ABSTRACT
Rodent dorsal medial prefrontal cortex (mPFC), typically prelimbic cortex, is often described as promoting actions such as reward seeking, whereas ventral mPFC, typically infralimbic cortex, is thought to promote response inhibition. However, both dorsal and ventral mPFC are necessary for both expression and suppression of different behaviors, and each region may contribute to different functions depending on the specifics of the behavior tested. To better understand the roles of dorsal and ventral mPFC in motivated behavior we pharmacologically inactivated each area during operant fixed ratio 1 (FR1) seeking for a natural reward (sucrose), extinction, cue-induced reinstatement, and progressive ratio sucrose seeking in male Long-Evans rats. Bilateral inactivation of dorsal mPFC, but not ventral mPFC increased reward seeking during FR1. Inactivation of both dorsal and ventral mPFC decreased seeking during extinction. Bilateral inactivation of ventral mPFC, but not dorsal mPFC decreased reward seeking during cue-induced reinstatement. No effect of inactivation was found during progressive ratio. Our data contrast sharply with observations seen during drug seeking and fear conditioning, indicating that previously established roles of dorsal mPFC = going vs. ventral mPFC = stopping are not applicable to all motivated behaviors and/or outcomes. Our results indicate that dichotomous functions of dorsal vs. ventral mPFC, if they exist, may align better with other models, or may require the development of a new framework in which these multifaceted brain areas play different roles in action control depending on the behavioral context in which they are engaged.

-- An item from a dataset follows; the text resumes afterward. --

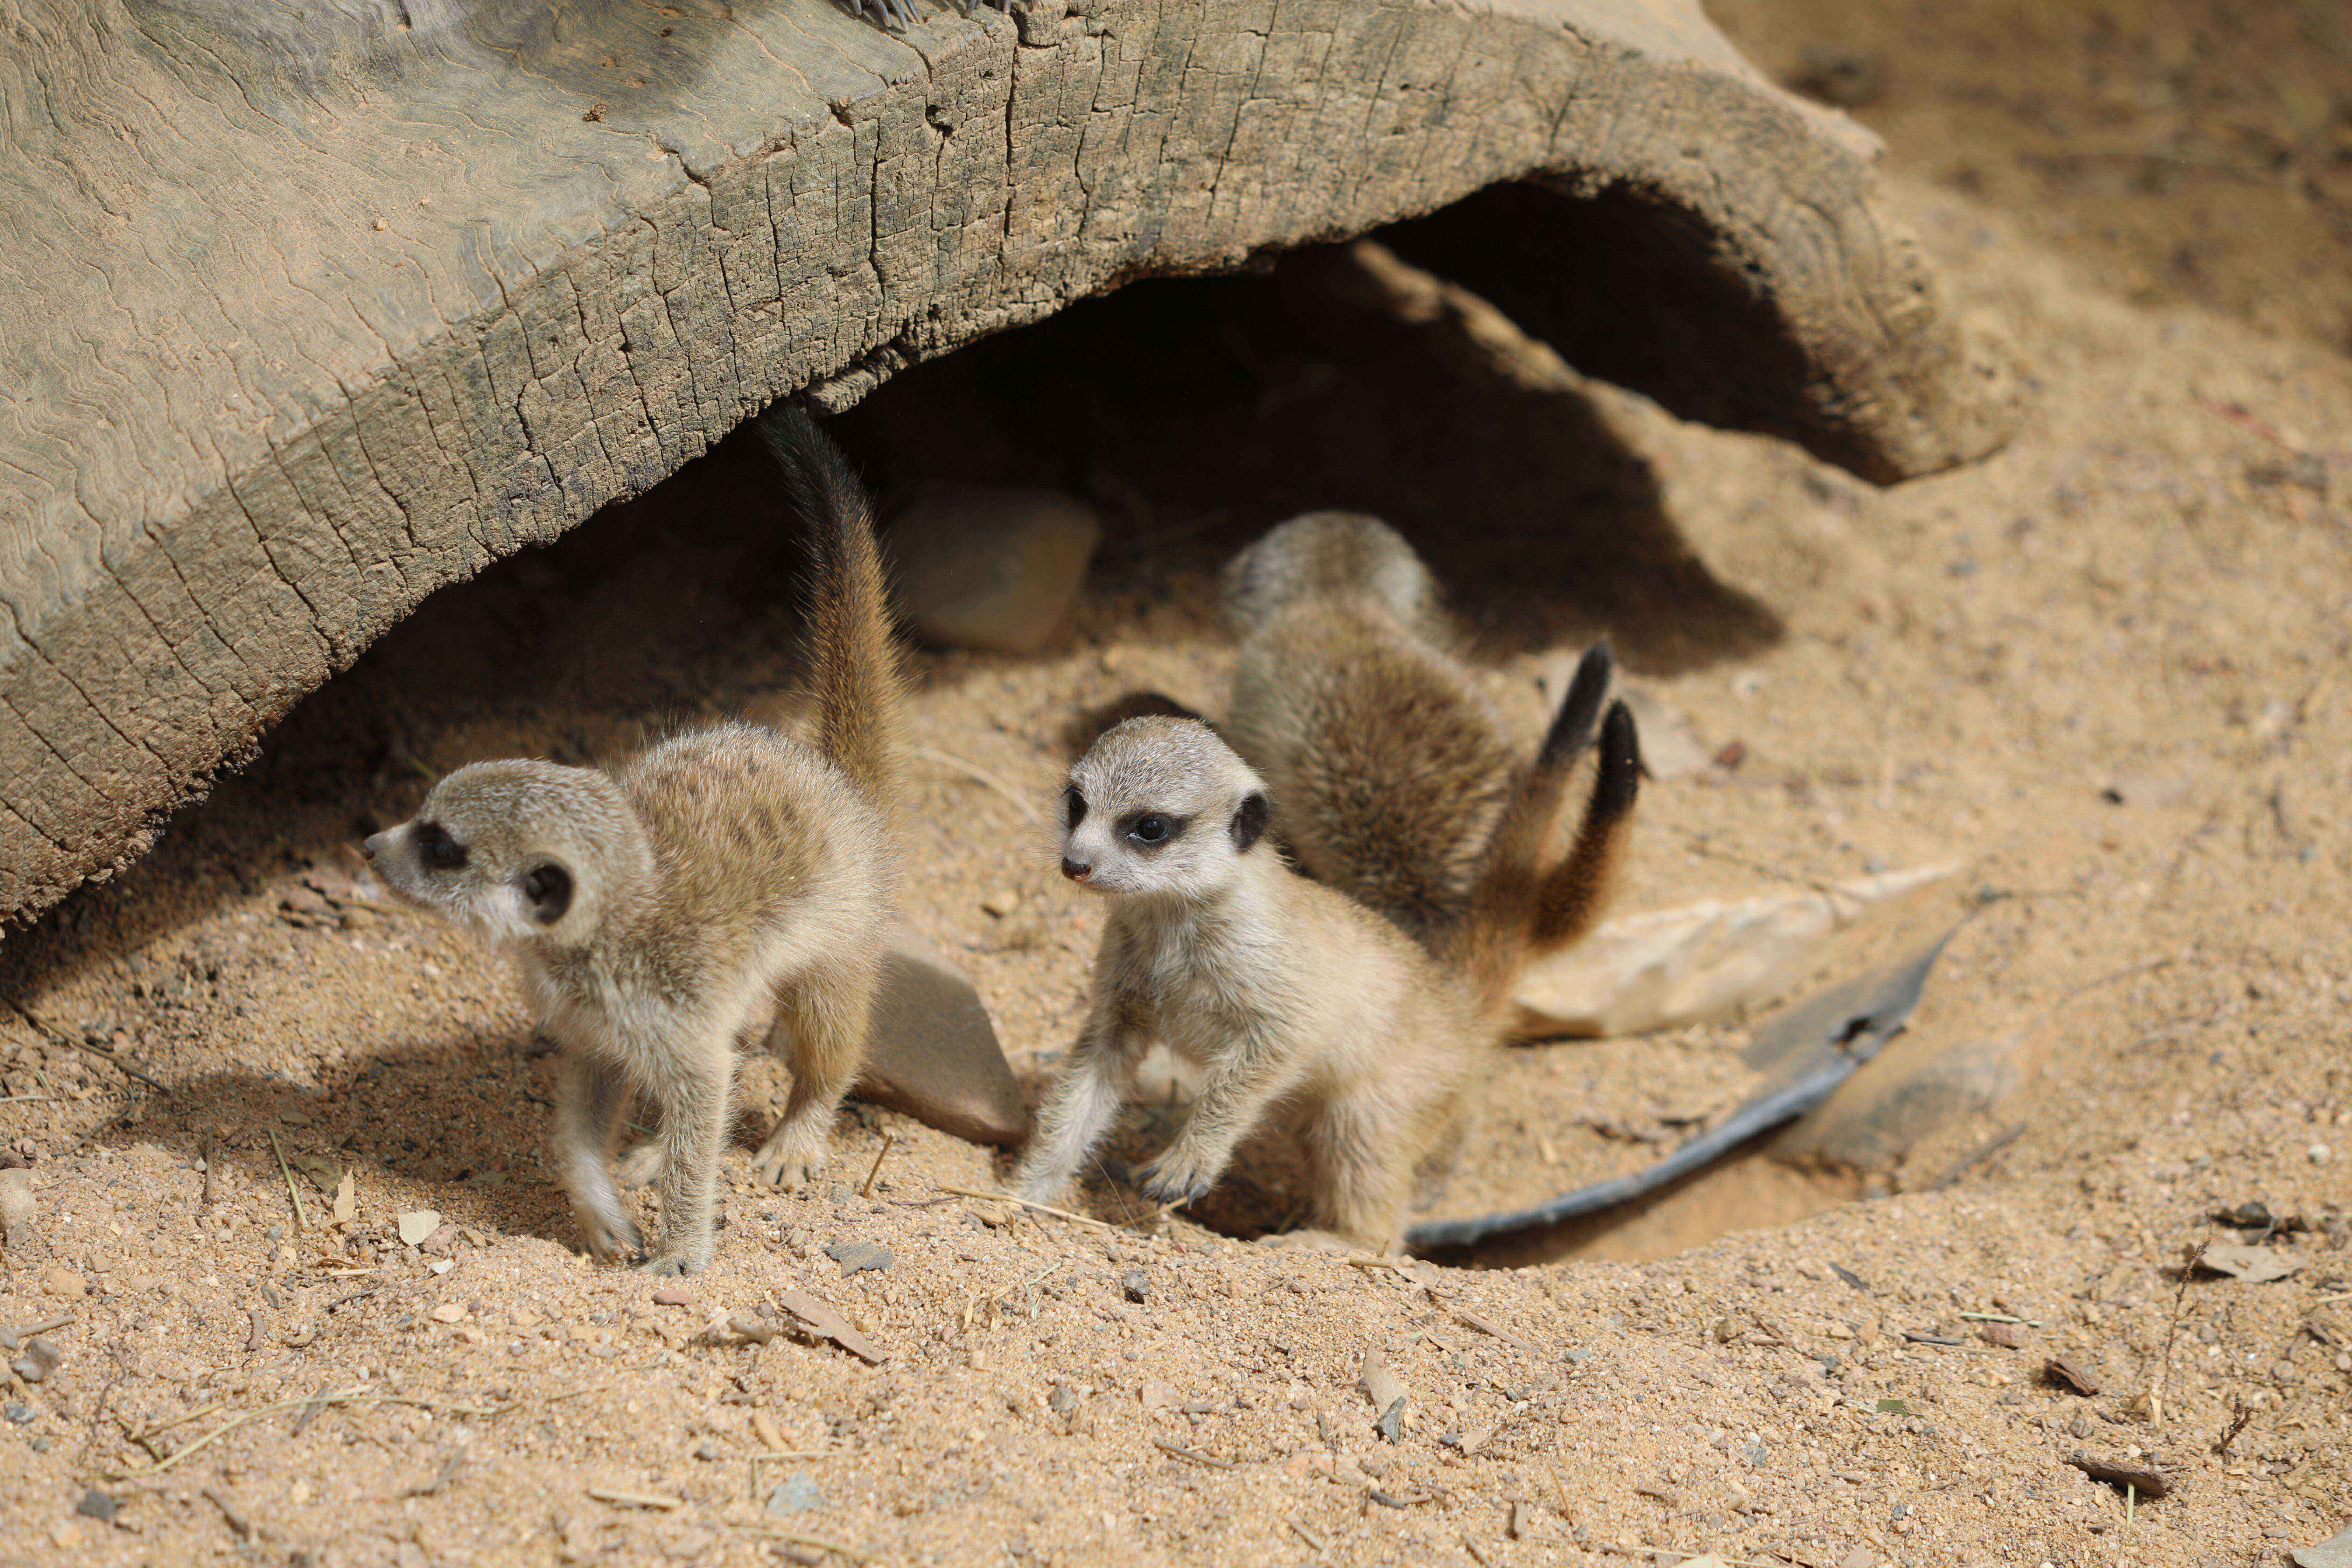 Meerkat triplets born at Canberra’s zoo

SIGNIFICANCE STATEMENT Dorsal and ventral medial prefrontal cortex have been proposed to control response execution and inhibition, respectively, in contexts such as drug seeking and fear learning. It is unclear, however, whether these roles are generalizable to all behaviors. We found that these opposing roles were not present during natural reward (sucrose) seeking, in contrast with previous drug seeking and fear conditioning literature. Dorsal and ventral mPFC inactivation did impact multiple aspects of seeking, but not in the bidirectional fashion predicted by a generalized go stop model. We conclude that, although these brain areas are clearly important in reward seeking, the dichotomous roles proposed previously are not broadly applicable, and mPFC contributions to these and related behaviors should be reconsidered.
Footnotes
The authors report no conflict of interest.
PHS research grants AA024571, AA025481, and DA041674, a NARSAD Young Investigator Grant from the Brain & Behavior Research Foundation (DEM), NS082179 (LR-H), and an SDI-STEM Diversity Institute Grant # S1111000000063 (JPC).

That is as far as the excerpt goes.